Authors: Kirsh VA,  Mayne ST,  Peters U,  Chatterjee N,  Leitzmann MF,  Dixon LB,  Urban DA,  Crawford ED,  Hayes RB
Journal: Cancer Epidemiol Biomarkers Prev
Date: 2006 Jan
Branches: BB, MEB, OEEB
PubMed ID: 16434593
PMC ID: not available
Abstract: BACKGROUND: Dietary lycopene and tomato products may reduce risk of prostate cancer; however, uncertainty remains about this possible association. METHODS: We evaluated the association between intake of lycopene and specific tomato products and prostate cancer risk in the Prostate, Lung, Colorectal, and Ovarian Cancer Screening Trial, a multicenter study designed to investigate cancer early detection methods and etiologic determinants. Participants completed both a general risk factor and a 137-item food frequency questionnaire at baseline. A total of 1,338 cases of prostate cancer were identified among 29,361 men during an average of 4.2 years of follow-up. RESULTS: Lycopene intake was not associated with prostate cancer risk. Reduced risks were also not found for total tomato servings or for most tomato-based foods. Statistically nonsignificant inverse associations were noted for pizza [all prostate cancer: relative risk (RR), 0.83; 95% confidence interval (95% CI), 0.67-1.03 for >or=1 serving/wk versus < 0.5 serving/mo; P(trend)=0.06 and advanced prostate cancer: RR, 0.79; 95% CI, 0.56-1.10; P(trend)=0.12] and spaghetti/tomato sauce consumption (advanced prostate cancer: RR=0.81, 95% CI, 0.57-1.16 for >or=2 servings/wk versus<1 serving/mo; P(trend)=0.31).
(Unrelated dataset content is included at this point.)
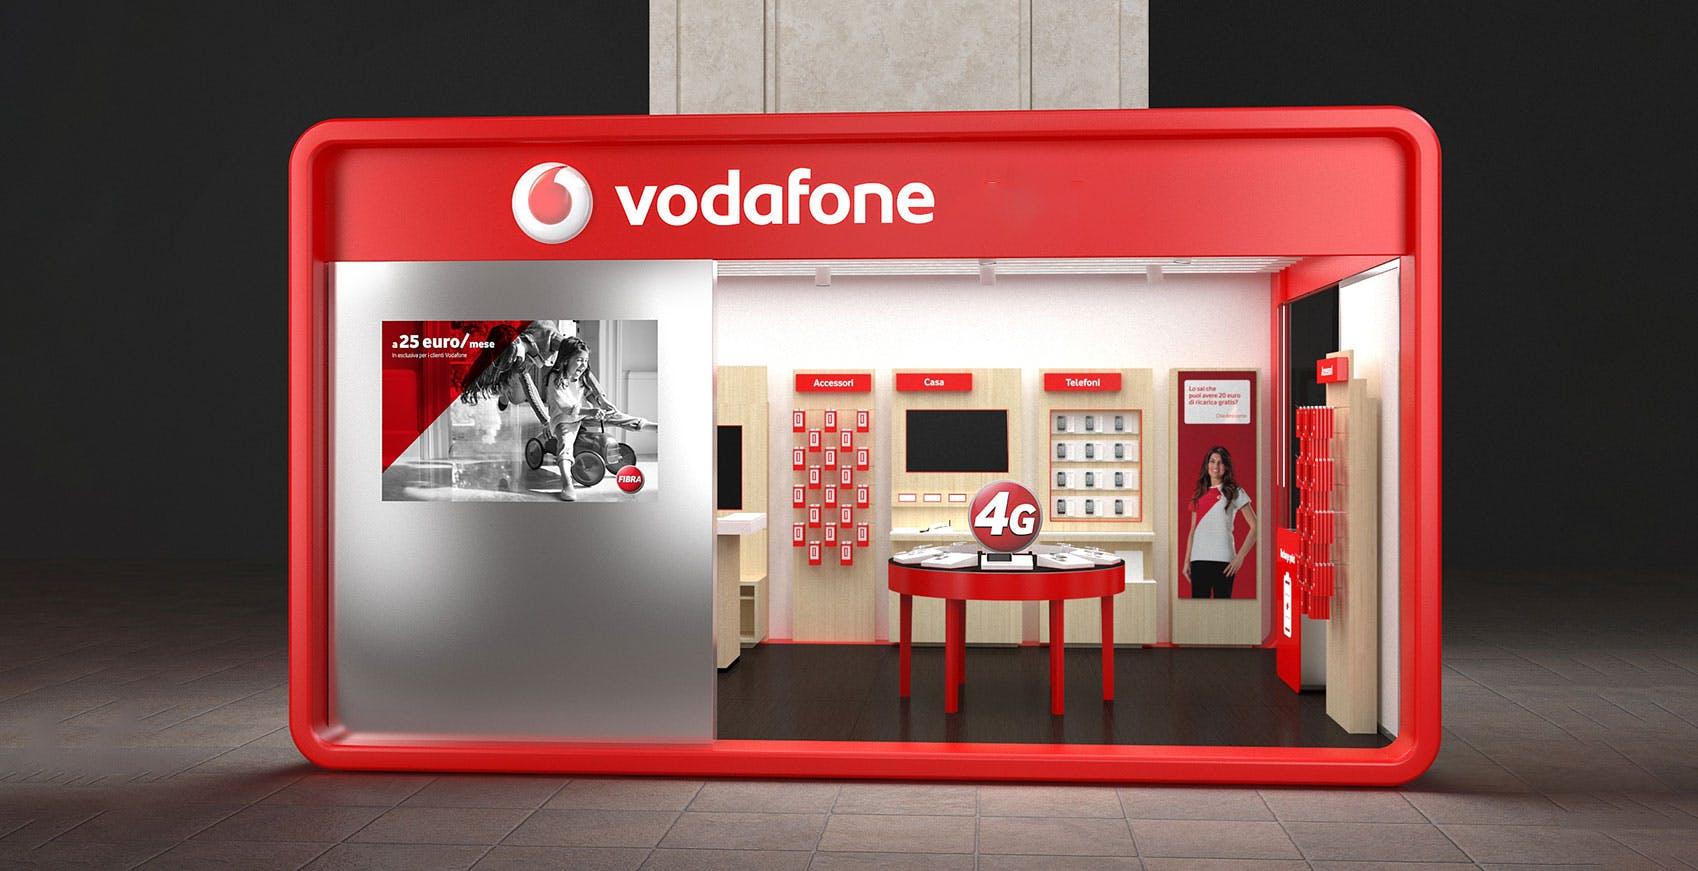 Vodafone, disdetta senza costi su tutte le offerte. Zero vincoli, e zero penali: ecco Open

Among men with a family history of prostate cancer, risks were decreased in relation to increased consumption of lycopene (P(trend)=0.04) and specific tomato-based foods commonly eaten with fat (spaghetti, P(trend)=0.12; pizza, P(trend)=0.15; lasagna, P(trend)=0.02). CONCLUSIONS: This large study does not support the hypothesis that greater lycopene/tomato product consumption protects from prostate cancer. Evidence for protective associations in subjects with a family history of prostate cancer requires further corroboration.